On an FPGA the example IP block takes ~2300 LEs and 13kBytes of block RAM. The same basic comcept can be used for streaming or non-streaming data transfers to any standard or custom interface.


These modules provide full SD/SDHC/eMMC Host controller functionality and require little attention from the system processor. Multiple variants are available with different peripheral interfaces (16-bit or 32-bit), different card-interfaces (1-bit, 4-bit or 8-bit) and different data-interfaces (local DMA or external memory DMA).

Common Features

  • Fully synchronous design with 100MHz system clock

  • Programmable card clock from 400kHz to 50MHz

  • CRC7 generation and checking for commands and responses

  • CRC16 generation and checking for block data

  • DMA for block data (no local block buffers)

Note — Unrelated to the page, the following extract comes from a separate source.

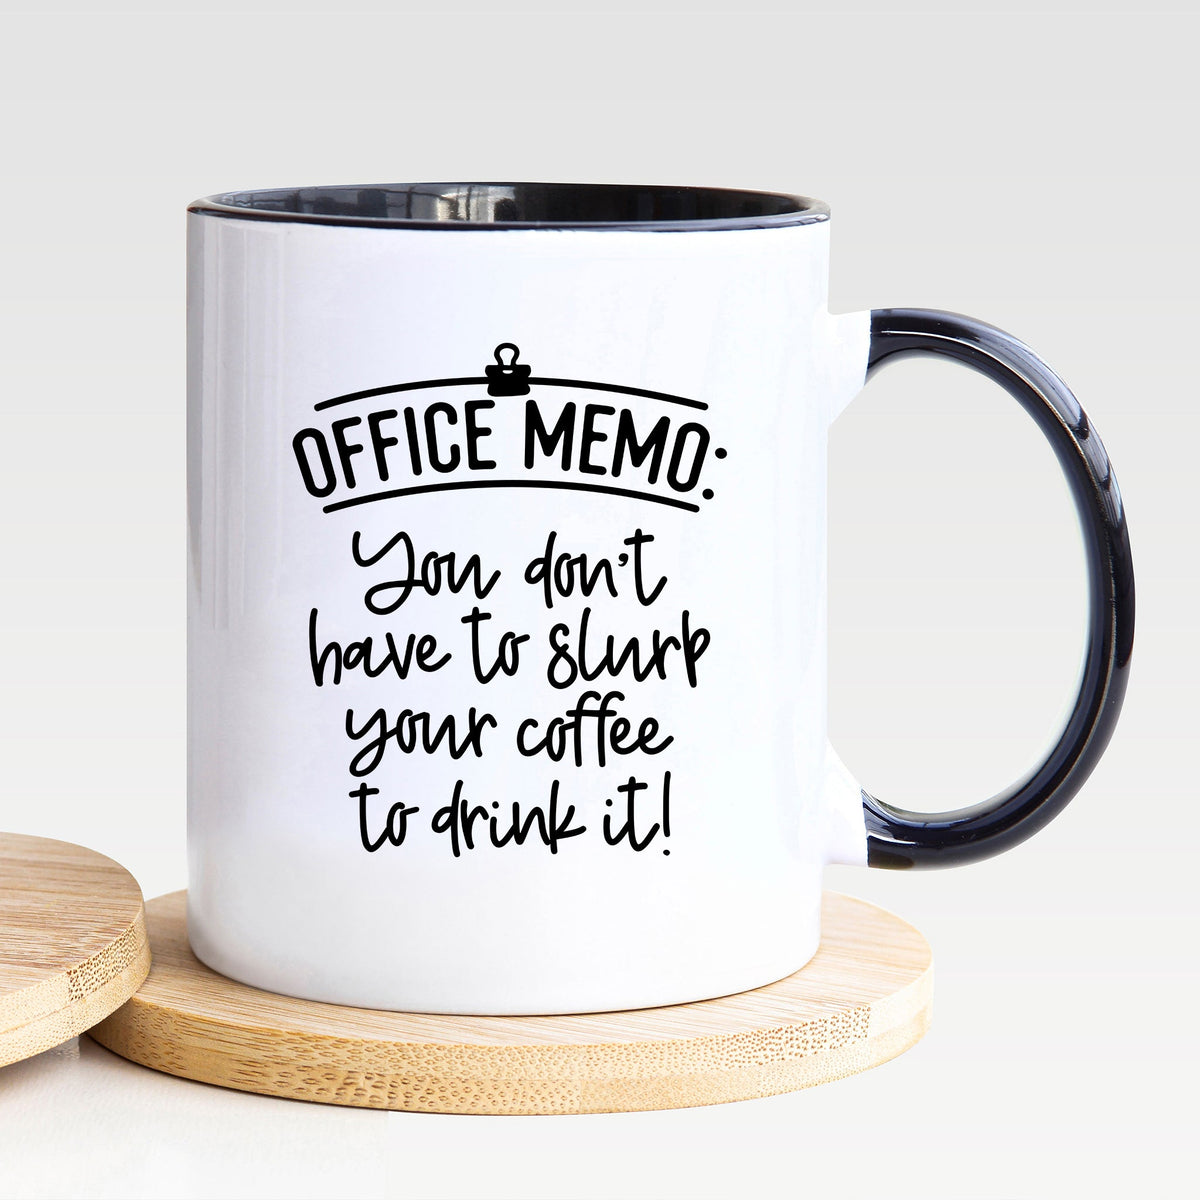 You Don't Have To Slurp Your Coffee To Drink It - Mug

  • Buffered commands for seamless operation

  • Interrupt generation (various programmable events)

  • FPGA size: ~310 LEs with 1-bit card-I/f, 16-bit peripheral-I/f, 16-bit local DMA-I/f

  • FPGA size: ~780 LEs with 4-bit card-I/f, 32-bit peripheral-I/f, 32-bit local DMA-I/f

The existing variants are fully synchronous and have been designed for systems with 100MHz peripheral bus clock. Typical card clocks of 50MHz, 25MHz and lower can be generated from the 100MHz system clock by integer division. On request derivatives with more flexible card clock generation can be generated e.g. with a separate 2 x card clock input that is independent from the system clock.


Intelligent IP blocks for accessing SD/SDHC/eMMC cards can be created by combining a small processor system with an SDHC Host controller and firmware. Data can be transferred directly between user interfaces and files on the SD/SDHC card which leads to many interresting use cases and applications. Users don't have to be familiar with the SD card command protocol.

Depending on the user interface(s) and variant of SD/SDHC/eMMC Host controller total IP block sizes for FPGAs in the range of 2000-3000 LEs plus 10-20 block RAMs can be realized.

The maximum read/write data rates that can be achieved depend on the card speed, the RAM available for buffering and the way data is stored of the card (file system or raw, sequential block read/write). With fast SDHC cards, sufficient buffering and sequential read/write read rates of 20MBytes/s and write-rates of 10MBytes/s can be achieved. With eMMC chips significanlty higher speeds with read-rates >100MBytes/s and write-rates >50MBytes/s are possible.

DMA Controllers

Most systems based on RACORS processors have a DMA controller. In MCU like FPGA systems DMA to/from the processor's local (on-chip) data RAM is used for data transfers to/from peripherals and for transfers to/from external memory.

For FPGAs a generic DMA controller architecture with configurable #of channels and channel parameters would waste resources. As a consequence many variants exist that are optimized for specific use cases. For new projects the variant with the best matching features is used as template and adapted to meet the project specific requirements.

DMA to/from external memory instead of a data cache

These special purpose DMA channels are used to copy data from the processor's local on-chip data RAM to external memory (typically SDRAM or DDR-SDRAM) and vice versa. They are special not from a DMA controller point of view but from the overall system concept. The channels are used as alternative to a data cache.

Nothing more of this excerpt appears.